The other was a recent interview of Shashi Tharoor, who has acquired a cult following as a user of 'sophisticated' English. In reply to a question, he said that more worrying to him than the rapidly diminishing power of communication among people (at least linguistic communication) in the age of Whatsapp and Instagram is the equally rapidly diminishing power of comprehension: people no longer have the intelligence, common sense, knowledge, wisdom or patience to reflect and understand anything that is nuanced, ambivalent, multi-layered in meaning: everything has to be reduced into simple binaries, right or wrong, good or bad, true or false, at the comic book level: whether it is about Gandhi deserving respect or Germany deserving all the blame for World War I or Trump being God or the Devil incarnate. I quote Tharoor: "... there have been studies demonstrating that today's young people are not able to engage with complex texts and in-depth reading. And this is really worrying... because unless one reads in depth, one is not able to gain very complicated ideas. You are then dealing with superficial ideas expressed in simple terms, which are very short... and that can really make you far more susceptible to propaganda... because you simply don't have the background and the complexity to understand that the issue is more complicated than they are describing, that there are actually more nuances and elements in it... that is really worrying".

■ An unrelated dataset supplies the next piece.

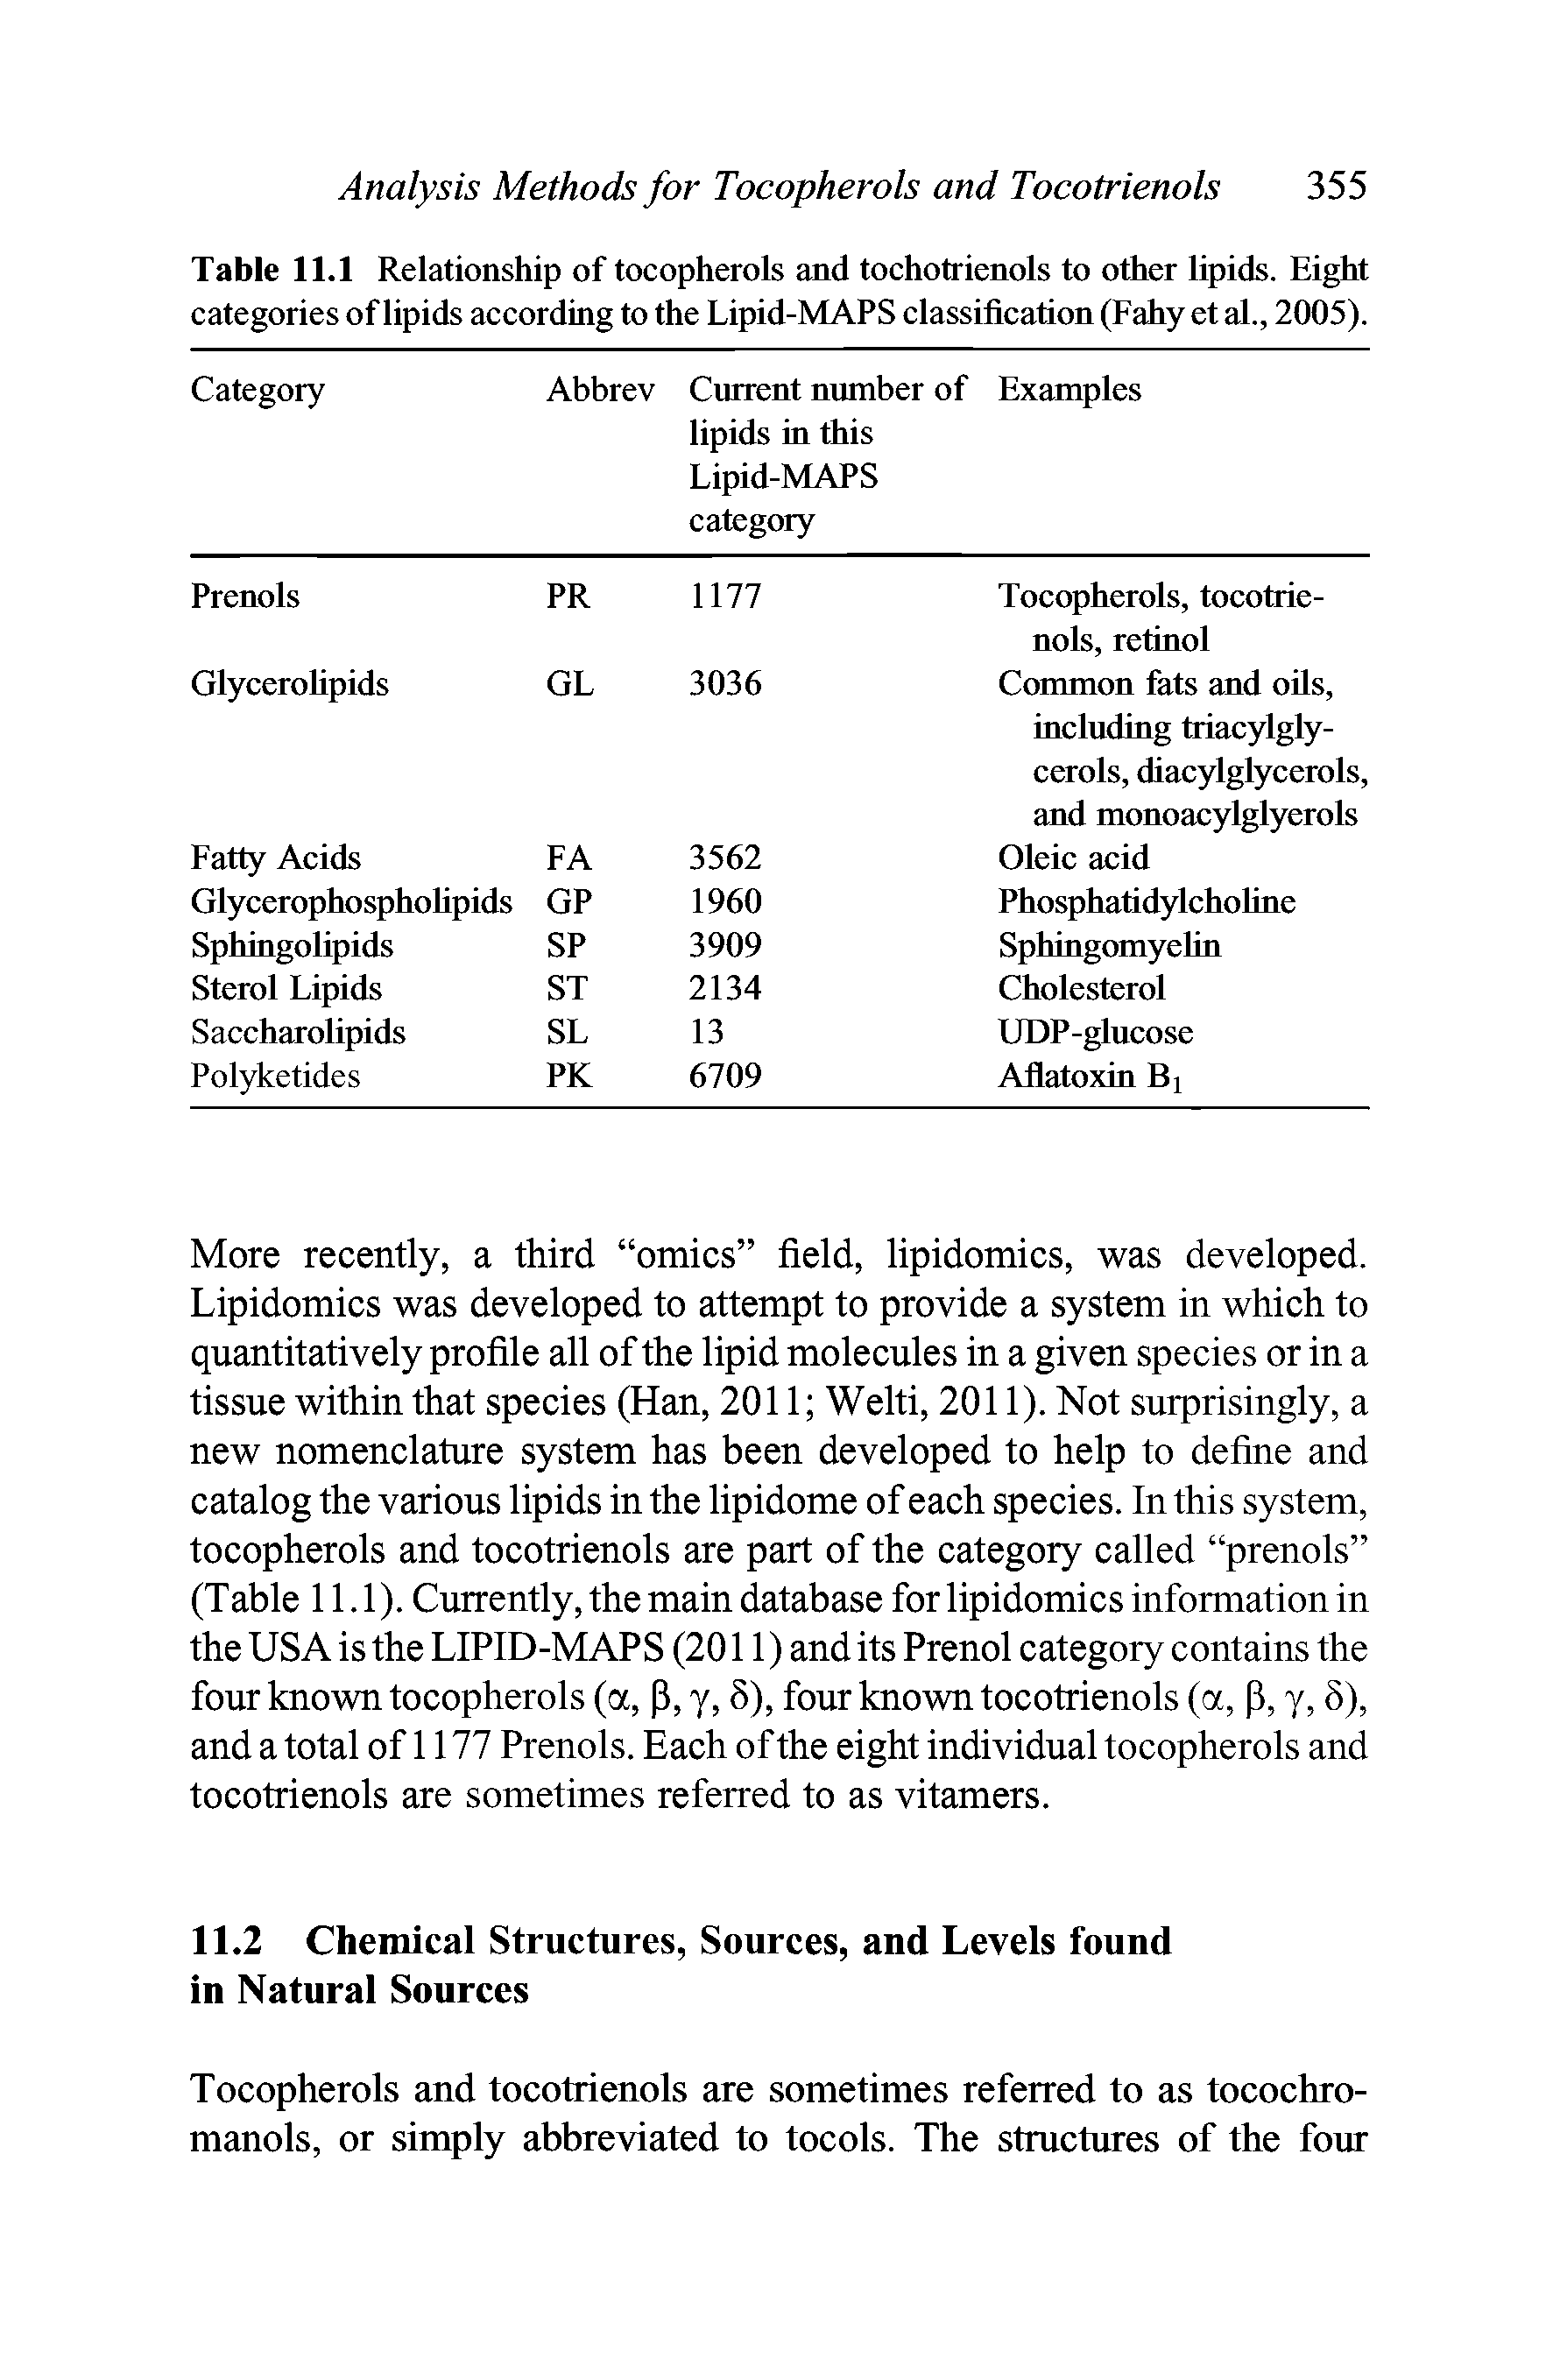 Table 11.1 Relationship of tocopherols and tochotrienols to other lipids. Eight categories of lipids according to the Lipid-MAPS classification (Fahy et al., 2005).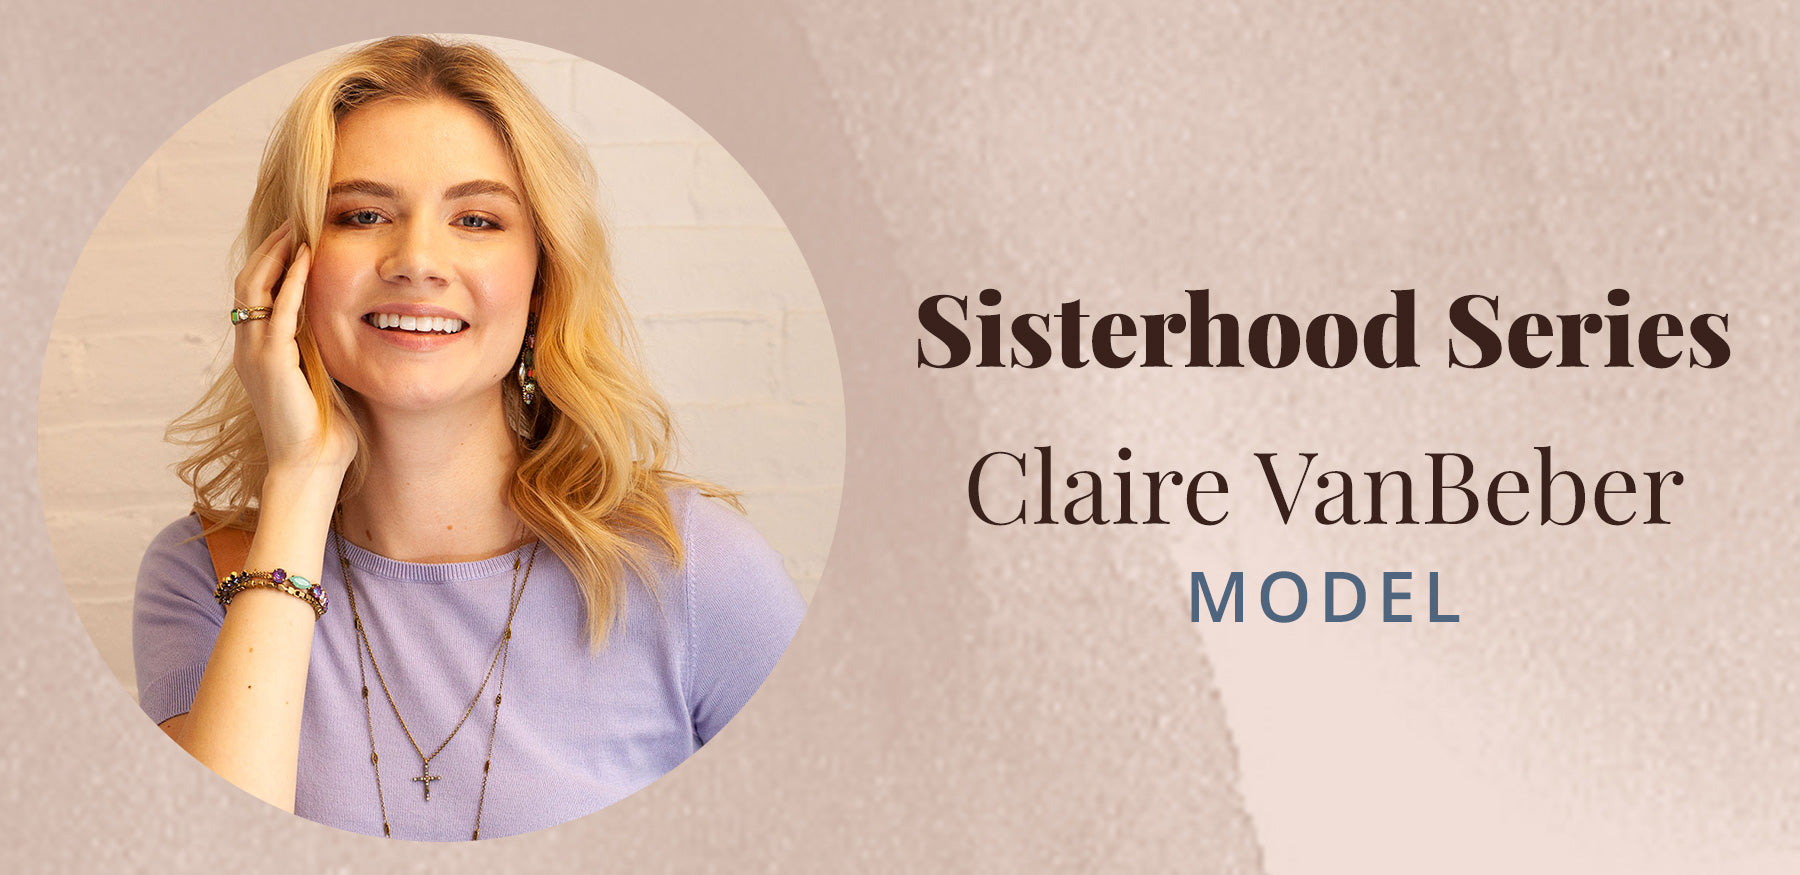 The Sisterhood Series with Claire Vanbeber

I can only vouch for how absolutely right he is. I have been giving vocabulary and comprehension exercises to thousands over nearly four decades, and I have seen the precipitous decline in average mental capacity. I can also see, from the contents of syllabi and public examinations, how there is a concerted, global enterprise of deliberately dumbing down people by the hundreds of millions, so that they can grow up to become only drudges and mindless, undiscriminating consumers/publicizers of worthless goods and political propaganda: that alone is science or history which The Great Leader and his billionaire-techie friends say it is. AI  rapidly rising, NI rapidly sinking... I shudder to think of the world in the making.

3 comments:

Tanmoy said...

Dear Suvro da
It is scary indeed. Technological advancement was intended to make life easier for humans, however slowly our technology is taking over our ability to think, reflect. As if we are creating our own demons and history/ wisdom are losing relevance. What matters these days are the instructions to use the next available gadget. I hardly see young people keeping the exuberance to learn through out their careers even though initially they start off right!
I am not sure how to preserve history and the thinking – we learn from our history!
Regards
Tanmoy

Tanmoy said...

Dear Suvro da
It is scary indeed. Technological advancement was intended to make life easier for humans, however slowly our technology is taking over our ability to think, reflect. As if we are creating our own demons and history/ wisdom are losing relevance. What matters these days are the instructions to use the next available gadget. I hardly see young people keeping the exuberance to learn through out their careers even though initially they start off right!
I am not sure how to preserve history and the thinking – we learn from our history!
Regards
Tanmoy

Aveek Mukherjee said...

Dear Sir,

I often wonder, and loudly so, if any generation has been as insipid and obtuse as this one in recent history. Years of being coddled and having limited exposure to reading have created a culture where people latch onto trends and -isms without sustained reflection. Nuance is lost, with everything reduced to simplistic extremes, described only in superlatives, and emotions expected to be constantly heightened.

It is often both frustrating and terrifying to be surrounded by such superficiality in an already uncertain world.